# Bowed Vinyl Patio Sliders



## ovahimba (Dec 25, 2007)

The last three vinyl patio sliders I have ordered from Simonton have been concave to the interior on the lower frame where the wheels are housed. Bowed like that they don't close properly, requiring more effort and slamming into the inner edge of the vertical frame.
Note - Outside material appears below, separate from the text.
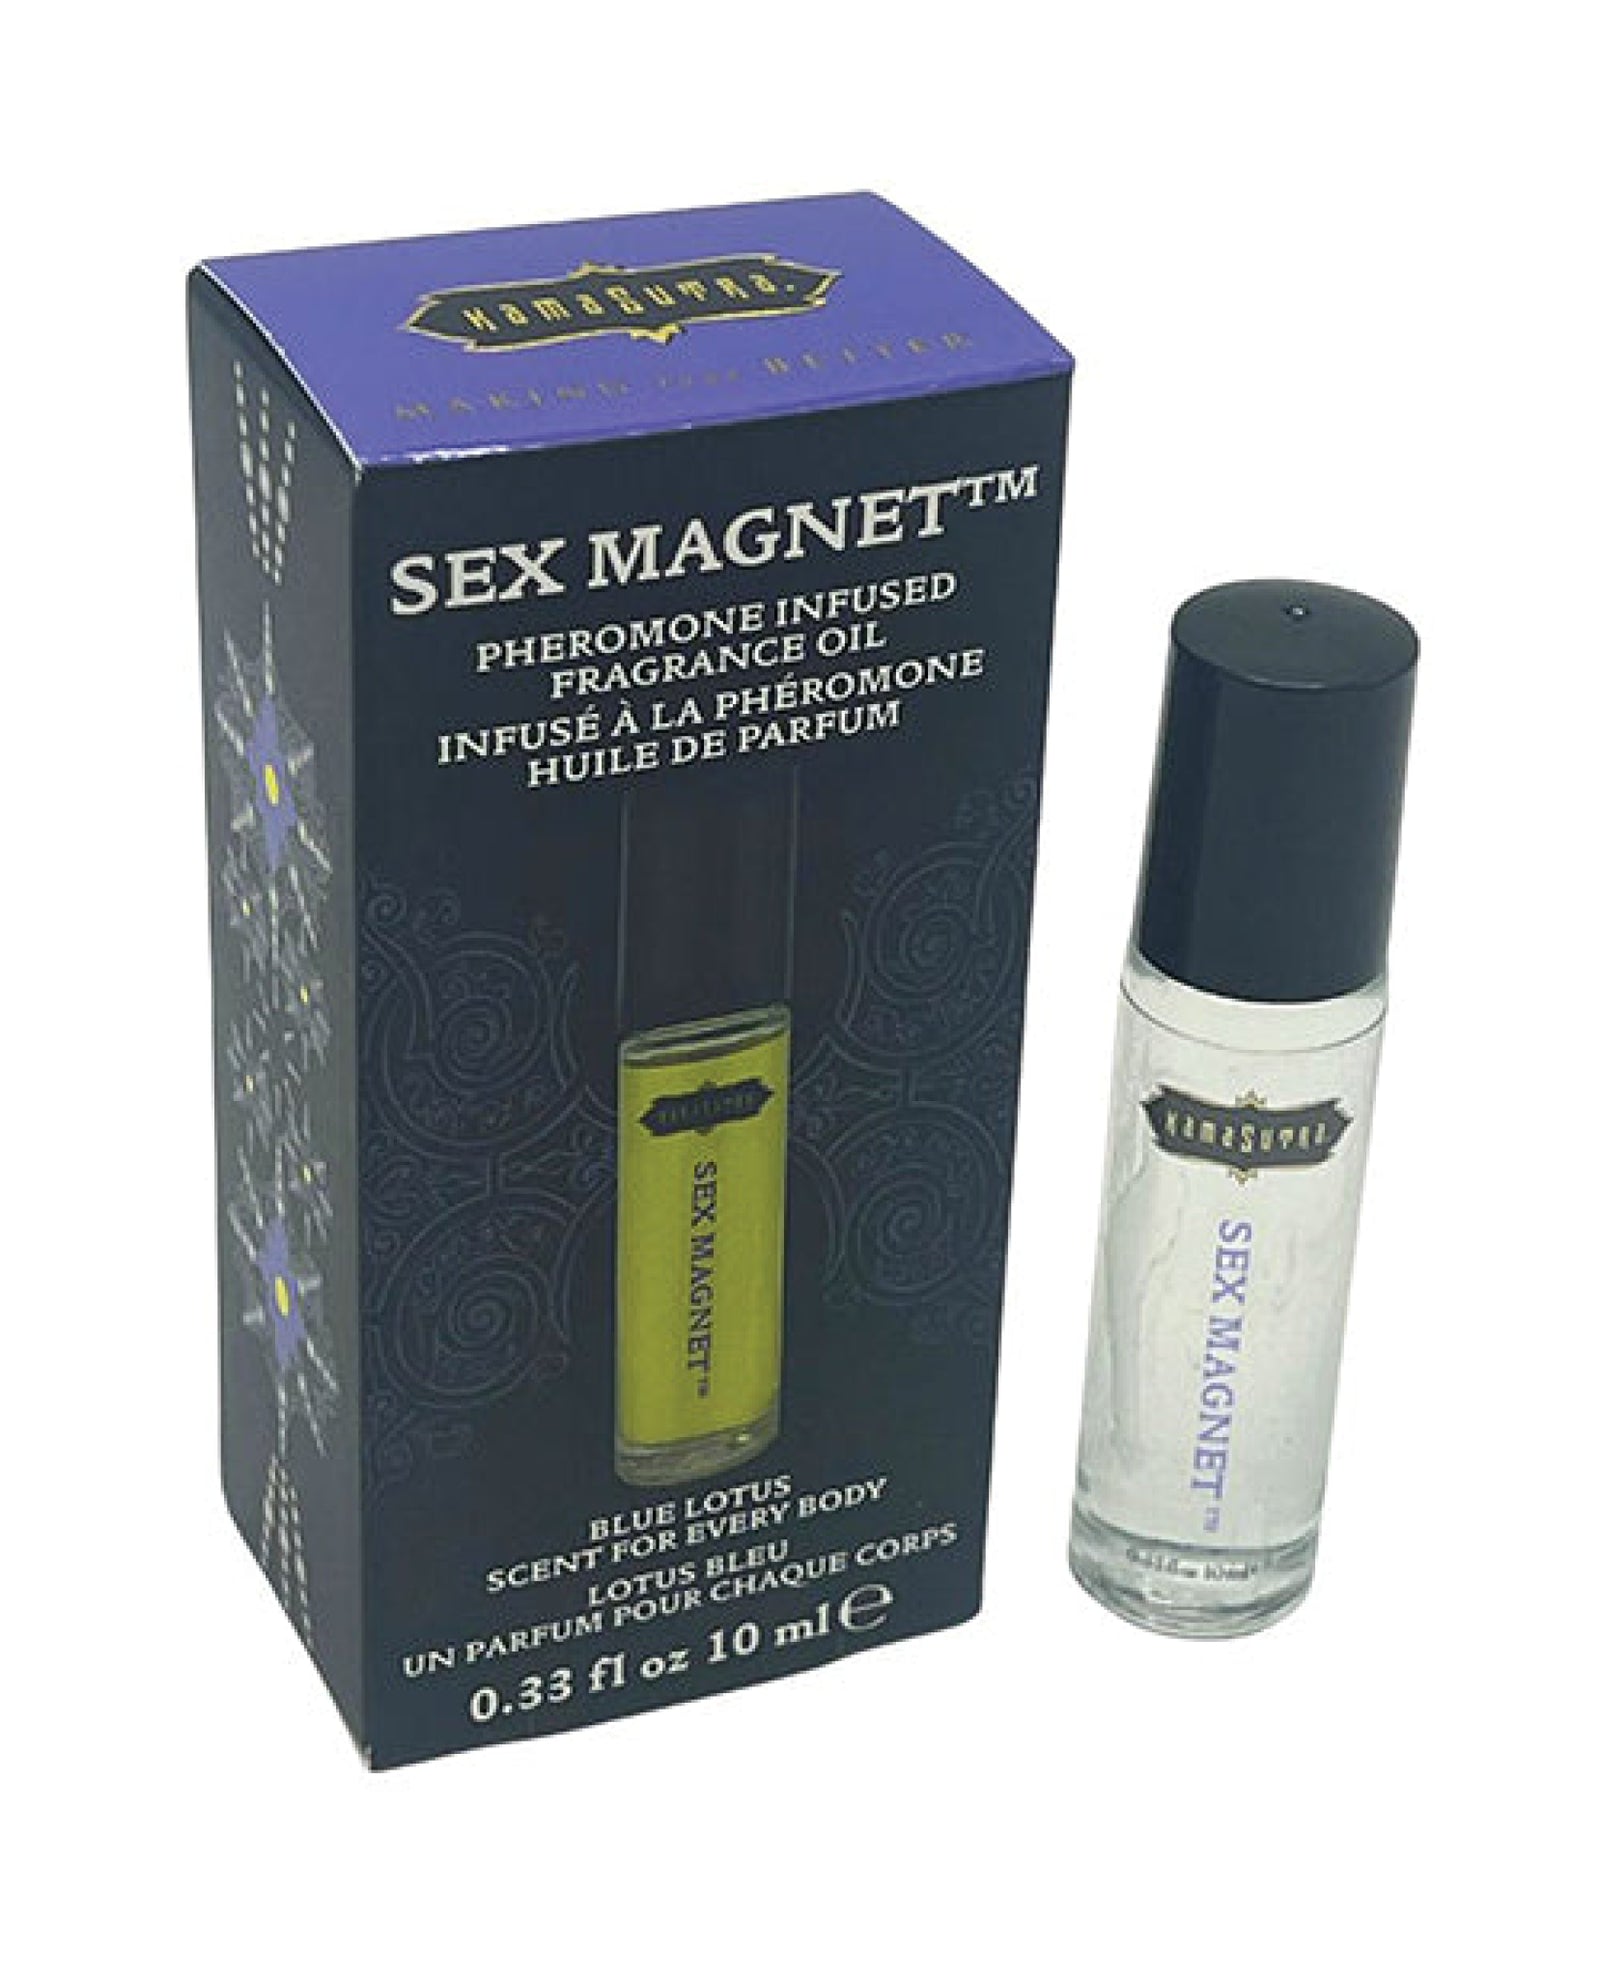 Kama Sutra Sex Magnet Pheromone Roll On Oil - Blue Lotus Kama Sutra

A service person mentioned that there is metal reinforcement inside the vinyl frame and that they are bendable. Being tired of returning the sliders and waiting, I took one of the old ones, set the corners on wood blocks and put a knee to the frame. I wasn't real aggressive but I got the job done. It flattened it out pretty well. Has anyone else heard of doing this? Am I causing any damage to the slider? The glass is tempered.


----------



## taylorjm (Apr 11, 2013)

I have a similar issue with a pella vinyl sliding door, but my door faces west, and I installed it in summer, and it works fine, but in winter, the door bows inward and is very hard to close because it hits the vertical jamb. At least your problem is consistent!


----------



## kwikfishron (Mar 11, 2010)

I wonder if it's the glass that concave and tweaking the frame with it? There have been problems with concave glass on newer windows but I haven't heard of that damaging the frames. Have you put a straight edge on the glass?


----------



## ovahimba (Dec 25, 2007)

Thanks for the replies. I just put a straight edge on the inner glass pane and it is concave. The exterior pane is ok.


----------



## Windows on Wash (Aug 30, 2011)

Keep and eye on it. Could be a seal failure depressurization.


----------